TCS: "There is no question about it, you don't have a guy with a 100-mile-per-hour fastball and keep him as a setup guy. You just don't do that. You have to be an idiot to do that."

SH: Umm, Hank? Were you watching any baseball in 1996, when the Yankees had Mariano Rivera setting up for John Wetteland and won the World Series?

Apparently TCS just has to let off steam in public every so often. He endorsed this plan; it was TCS himself, after all, who mentioned the word "patience" in conjunction with the 2008 season.

Additionally, if you put Joba in the rotation, who exactly leaves the rotation? I don't fancy Mike Mussina as the long man out of the pen, nor do I want Ian Kennedy forced into that role.

Hughes and Kennedy will be fine. It's been four starts. Joba needs to stay in the pen. Mike Francesa put it best, a couple months ago:

"Good eighth-inning guys are like gold. . . . everyone wants one and almost no one has one."


Thomas Fails Carnegie Course, Loses Toronto Gig.

The Blue Jays released Frank "The Big (Always) Hurt" Thomas. The DH, tearing it up at a .167 clip, was unhappy to learn he was going to be relieved of his everyday DH role, thus making it unlikely that he would reach the number of plate appearances to cause his 2009 option to automatically vest.

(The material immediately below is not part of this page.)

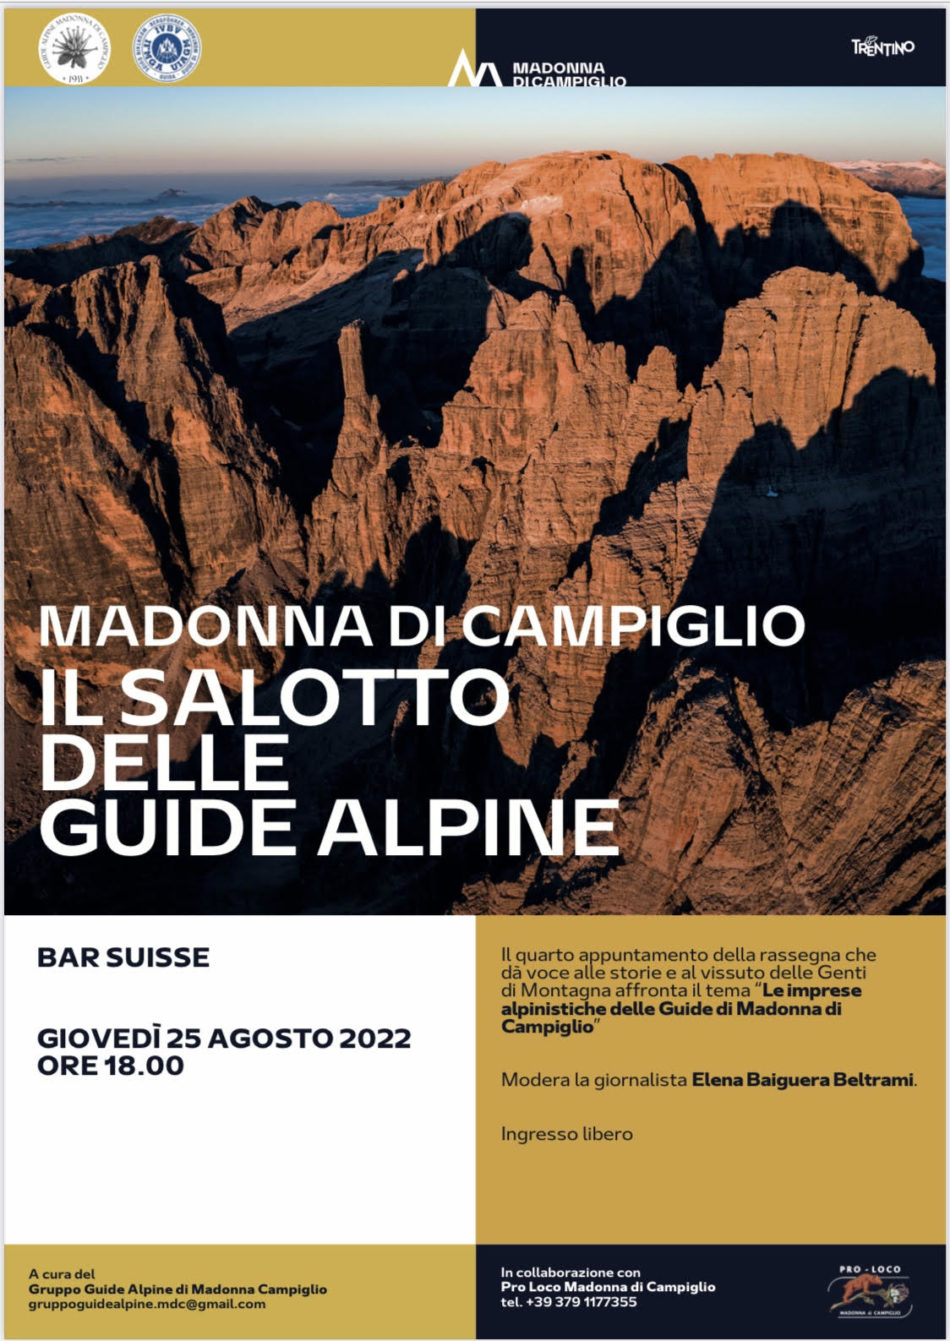 25 agosto ore 18.00 – Campiglio: Le imprese alpinistiche delle Guide Alpine di Madonna di Campiglio

The Blue Jays decided that three weeks was too much and parted ways with Thomas.

It's all right to be a pain in the ass when you're hitting. A team will always tolerate a jerk as long as he's producing. Thomas has never been one to win friends and influence people, but he never had to, his bat doing the talking.

The knee-jerk reaction is to say that Thomas will get another shot somewhere, and he well might. But on the unemployed DH list there's also Barry Bonds and Mike Piazza. Most of the likely AL contenders look pretty well set at DH. Injuries always happen of course, but it's not automatic that Thomas plays in MLB again in 2008.